Judgment Day
by digby
Ryan Lizza on the Manafort indictment raises the central question that would be asked if any other man but Donald Trump had hired him: what in the hell kind of terrible judgment does this show in a presidential candidate?
Paul Manafort and the dirty world of Ukrainian politics were naturally simpatico: the former is a skilled political consultant for hire who, it is now alleged, had a penchant for hiding the extent of his income from U.S. authorities; the latter is a cynical and deeply corrupt universe in which offshore accounts and tax-evasion schemes make up the system’s basic essence. Manafort was a natural in that world, helping his client Viktor Yanukovych, Ukraine’s former President, play up ethnic and linguistic cleavages (remind you of another campaign?) until he was ultimately deposed, in mass protests, in 2014. One imagines that Yanukovych, for whom Manafort worked from roughly 2006 until 2014, according to the indictment, and who kept an ostrich zoo and a garage full of antique cars at his illegally privatized residence outside of Kiev, didn’t always pay in fully transparent and properly declared bank transfers. That much, in fact, we have known for some time.
Last year, when I was reporting a story for the magazine on a pair of journalists turned parliamentarians in Ukraine, one of the piece’s subjects—a prominent Ukrainian investigative journalist named Sergii Leshchenko—showed up at a meeting with a stack of papers. These were secret ledgers, Leshchenko told me, detailing off-book illegal payments by Yanukovych and his party for all sorts of services. They also included twelve million dollars in payments to Manafort. (The Times had published an article on the ledgers in August, 2016.) “It’s the dark side of politics,” Leshchenko told me. Today that dark side was made a shade lighter. Today’s indictment is a reflection of how corruption in one country rarely stays there but leaks out into the global financial system, where ill-gotten cash can make its way from the Ukrainian treasury to Brooklyn real estate. Manafort likely believed that what happened in Kiev would stay in Kiev. And maybe it would have, if it weren’t for his work for Trump, and his latest client’s unexpected victory—and the scrutiny that followed. Today it’s possible that Manafort is wishing his last, and greatest, political-campaign triumph didn’t turn out so lucky.

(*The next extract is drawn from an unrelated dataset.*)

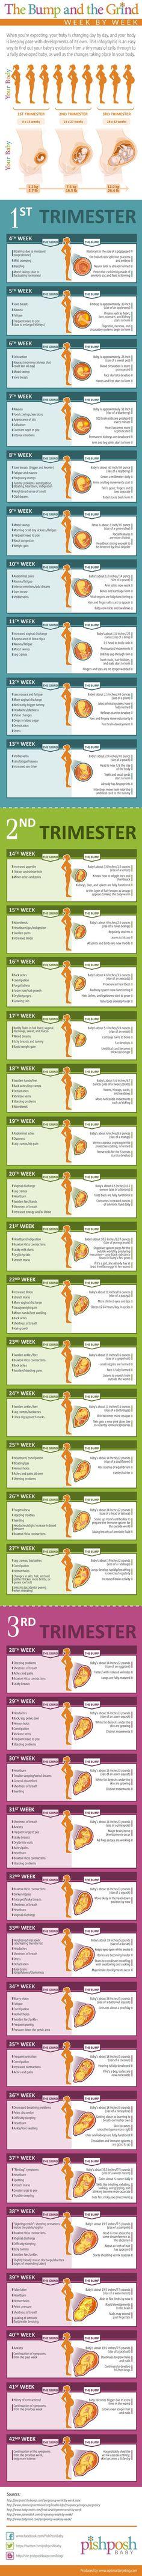 Pregnancy Week by Week Chart - Fun - - Schwanger - Pregnant Tips Doula, Pregnancy Chart, Pregnancy Info, Pregnancy Weeks, Pregnancy Timeline, Pregnancy Trimester Chart, Pregnancy Health, Pregnancy Symptoms By Week, Pregnancy Facts

It’s not as though we didn’t know that Trump’s campaign manager had spent his life working on behalf of oligarchs and despots (or that trump himself was a fraud and a serial sexaul assaulter.) We knew. Everyone knew. And everyone knew that Trump had the judgement of a turnip.
Half the voters in this country DID NOT CARE. That is the reality that everyone wants to evade in order to protect our “democracy” and perpetuate the insane notion that the American voters are the wisest, warmest most generous people in the world and we must always respect their “common sense” and offer them empathy for whatever outside forces “make” them vote for someone like Donald Trump. I’m sorry, these people are deplorable. And look where we are because of it.